8 . See, e.g., 45 Fed.Reg. 72,582; 72,591 (1980); 44 Fed.Reg. 2932; 2937-38 (1979); Chemical Dictionary, supra note 3, at 418, 907; FDA, Bureau of Drugs, Staff Manual Guide BD 4820.3, at 1-2 (Feb. 19, 1982).

9 . FDA classifies drugs into six chemical types. One such type is defined:

Type 1 —New molecular entity — i.e., the active moiety is not yet marketed in the United

States by any drug manufacturer either as a single entity or as part of a combination product.

FDA, Bureau of Drugs, Staff Manual Guide BD 4820.3, at 1-2 (Feb. 19, 1982). The Commissioner's interpretation is further questionable because the House Report refers to "Class I” and “new chemical entity” rather than the FDA’s term “Type 1” and "new molecular entity.”

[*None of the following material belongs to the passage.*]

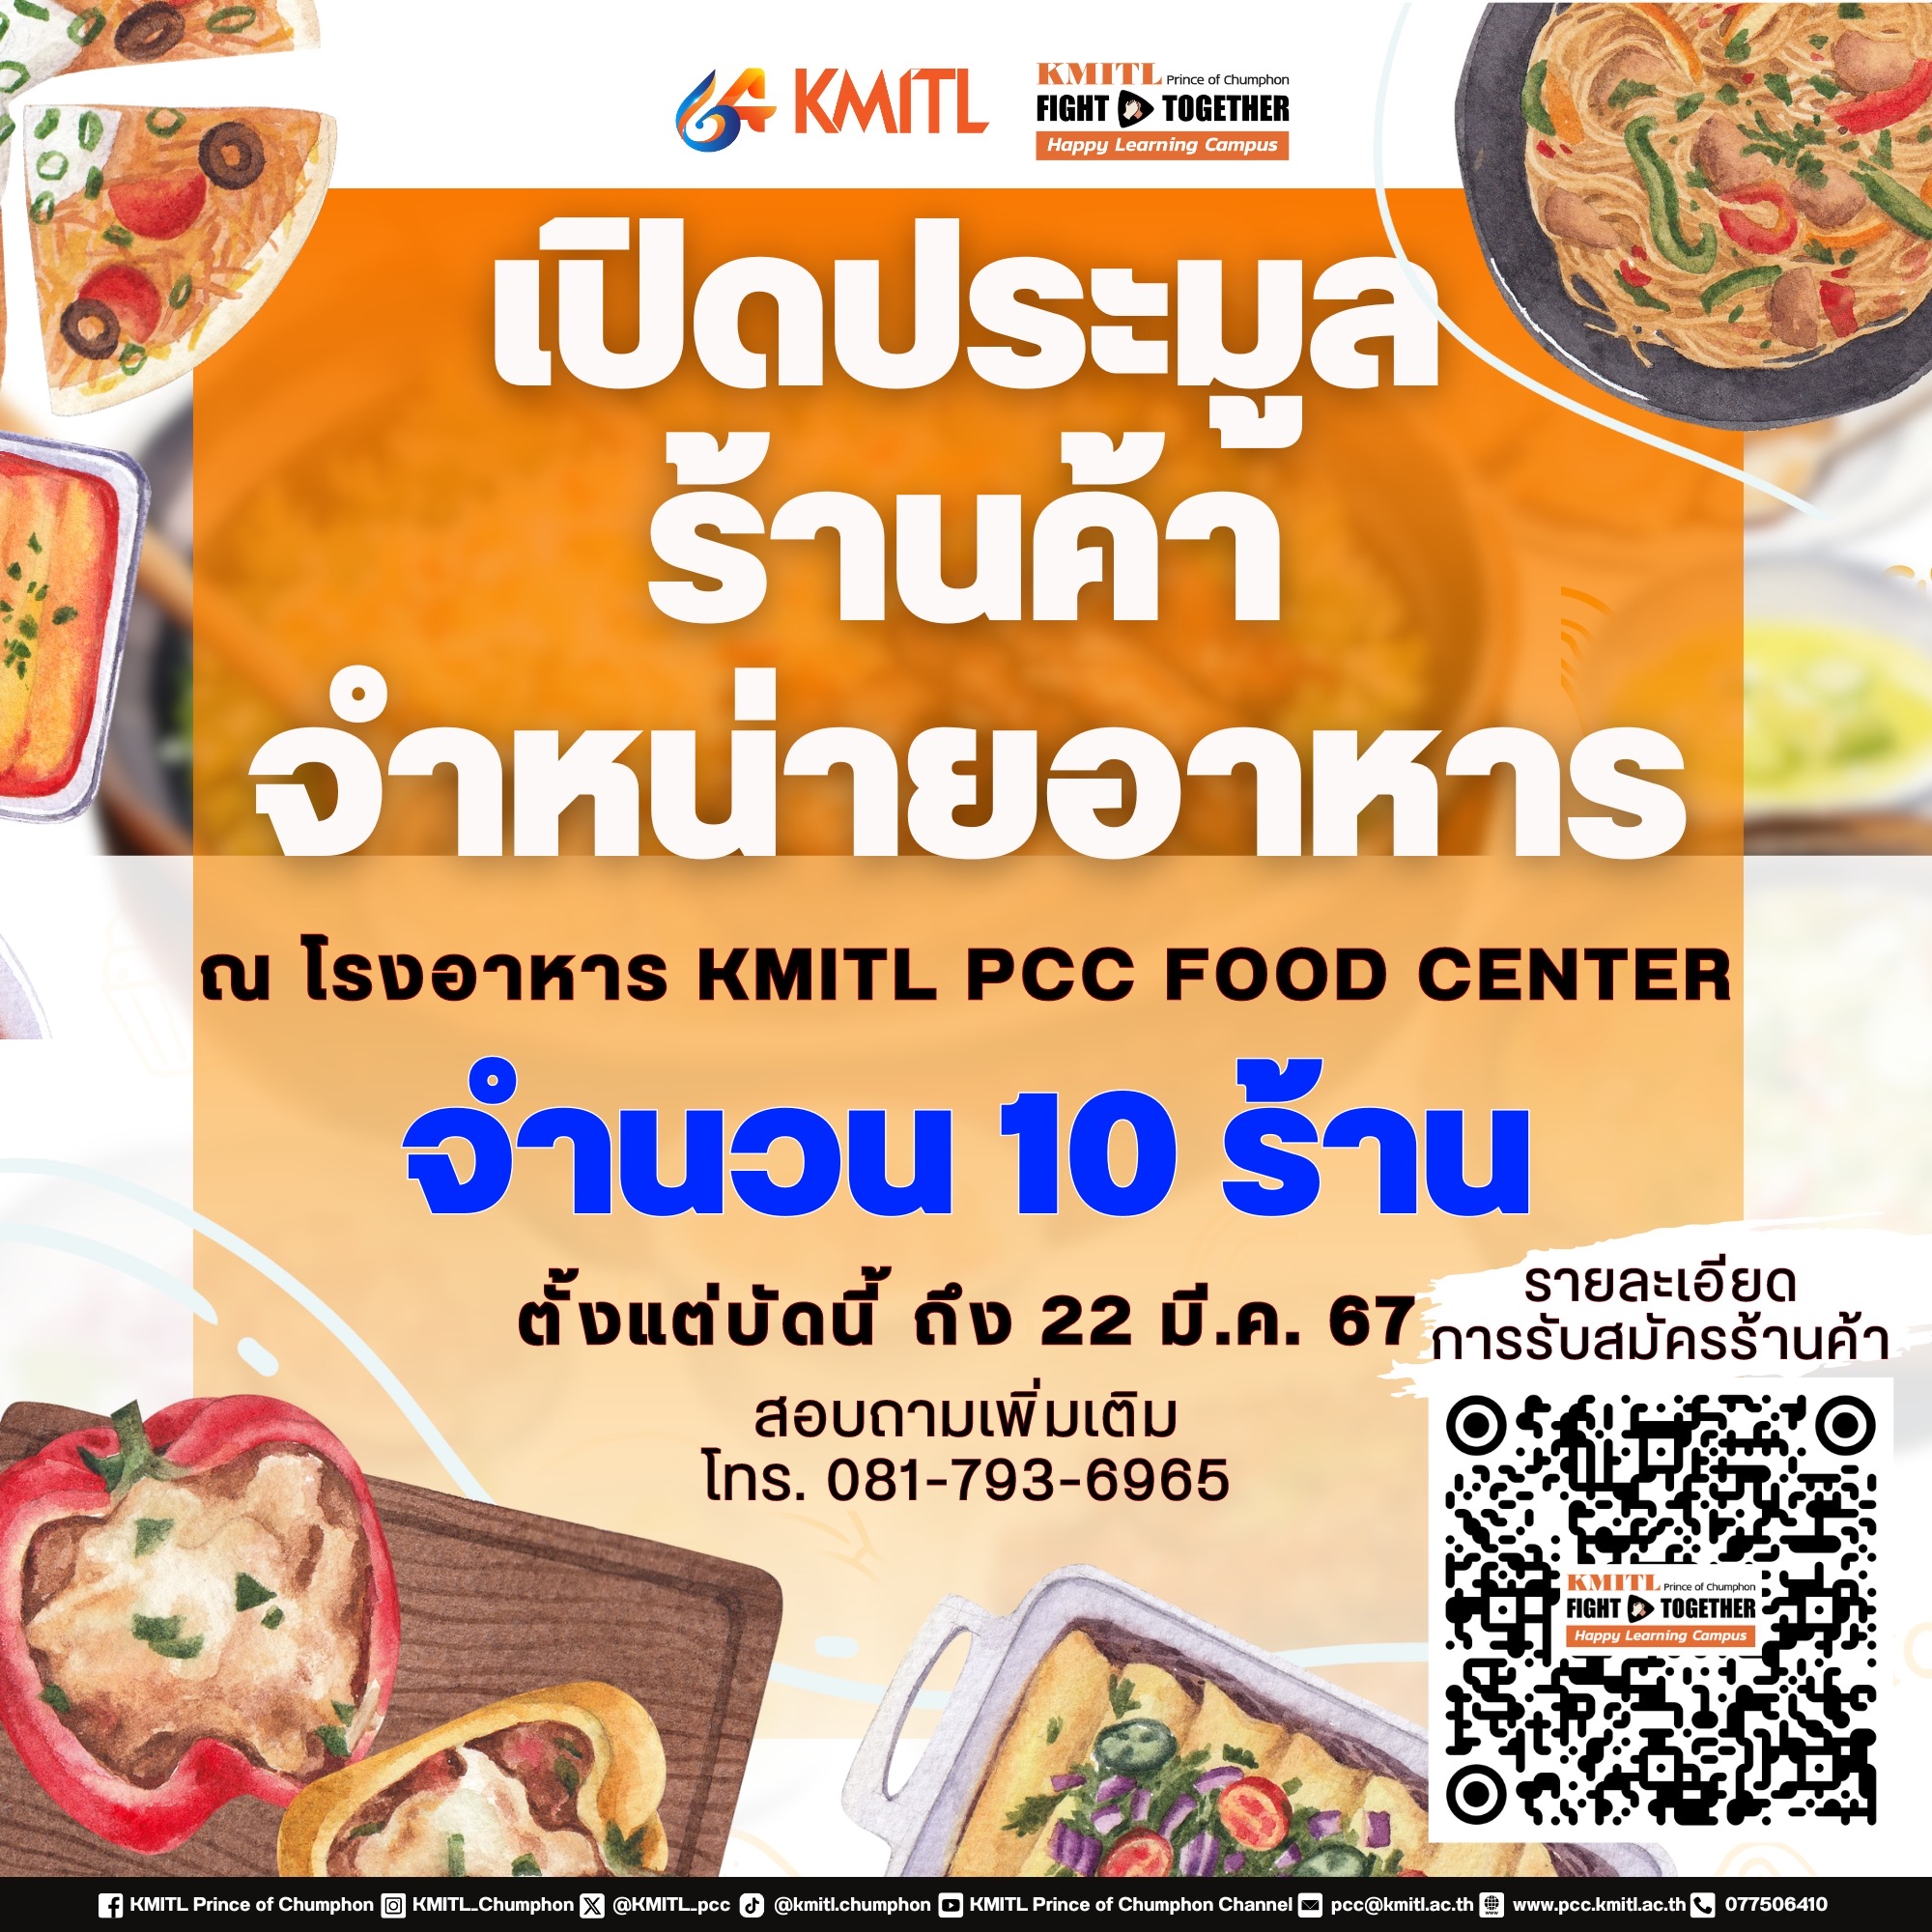 ประกาศประมูลร้านค้าจำหน่ายอาหาร โรงอาหาร KMITL PCC Food Center
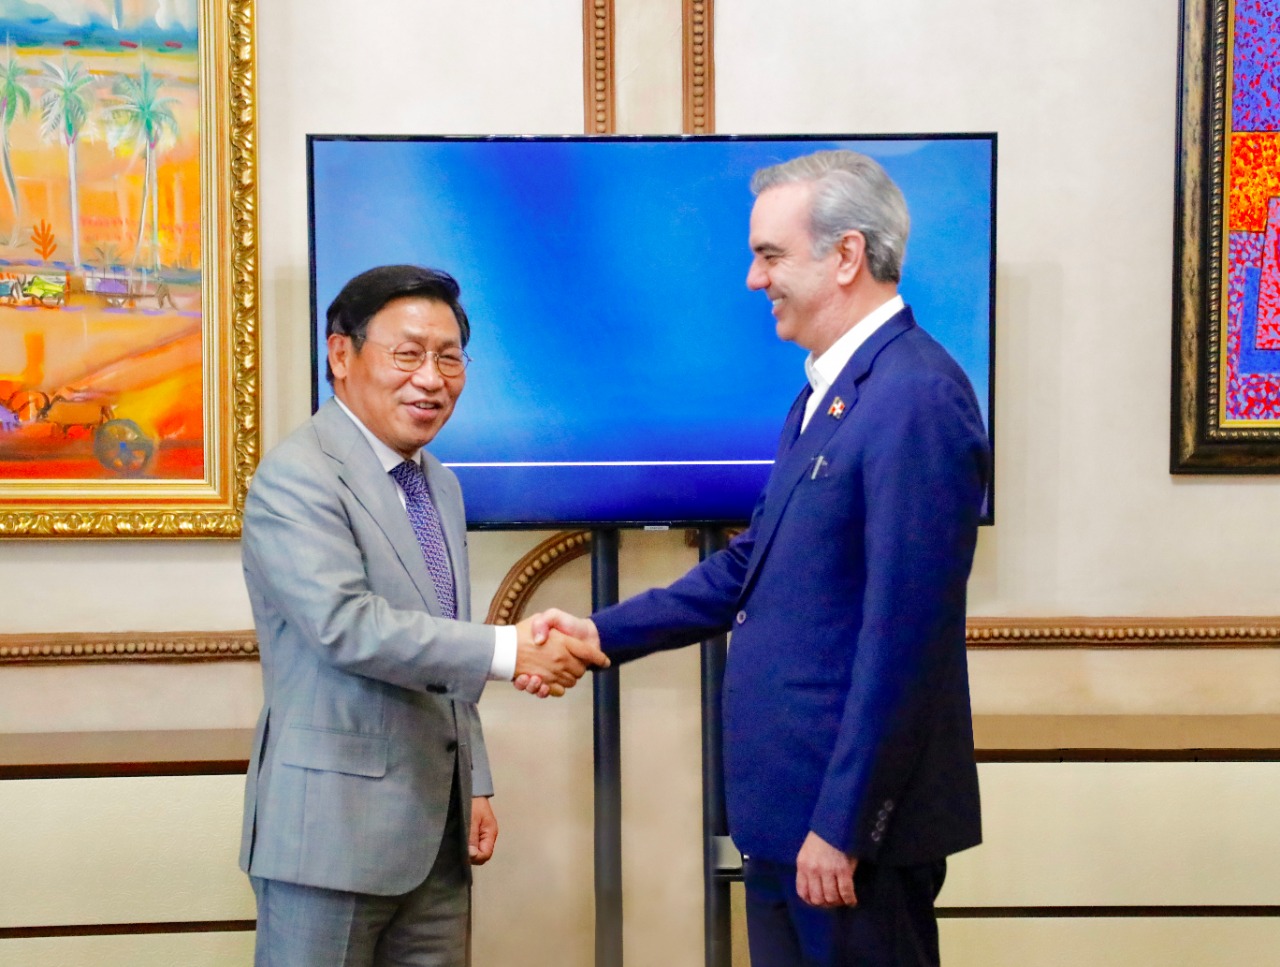 El presidente Luis Abinader se reúne con el jefe global de electrodomésticos digitales de Samsung en su visita a República Dominicana

10 . For example: “new molecular entity," "active moiety,” or "new chemical entity.”

11 . The FDA also has administrative duties under the Act. However, as opposed to title II of the Act, that applies to the Patent and Trademark Office, title I applies to the FDA. Title I includes language similar to the section 156 language in dispute in this appeal. See 21 U.S.C. §§ 355(j)(4)(D)(i) & (v) (Supp. V 1987). The Commissioner attempts to bootstrap his claim of deference by emphasizing that the FDA has interpreted the nearly identical language of title I in a similar manner. He stresses that the FDA similarly has technical expertise. We are unpersuaded. First, the FDA’s interpretation, like the Patent and Trademark Office’s, may be based on its own judgment of what is better policy. Second, the FDA’s interpretation of plain statutory terms is as unlikely to require technical expertise and technical judgment as is the Commissioner’s.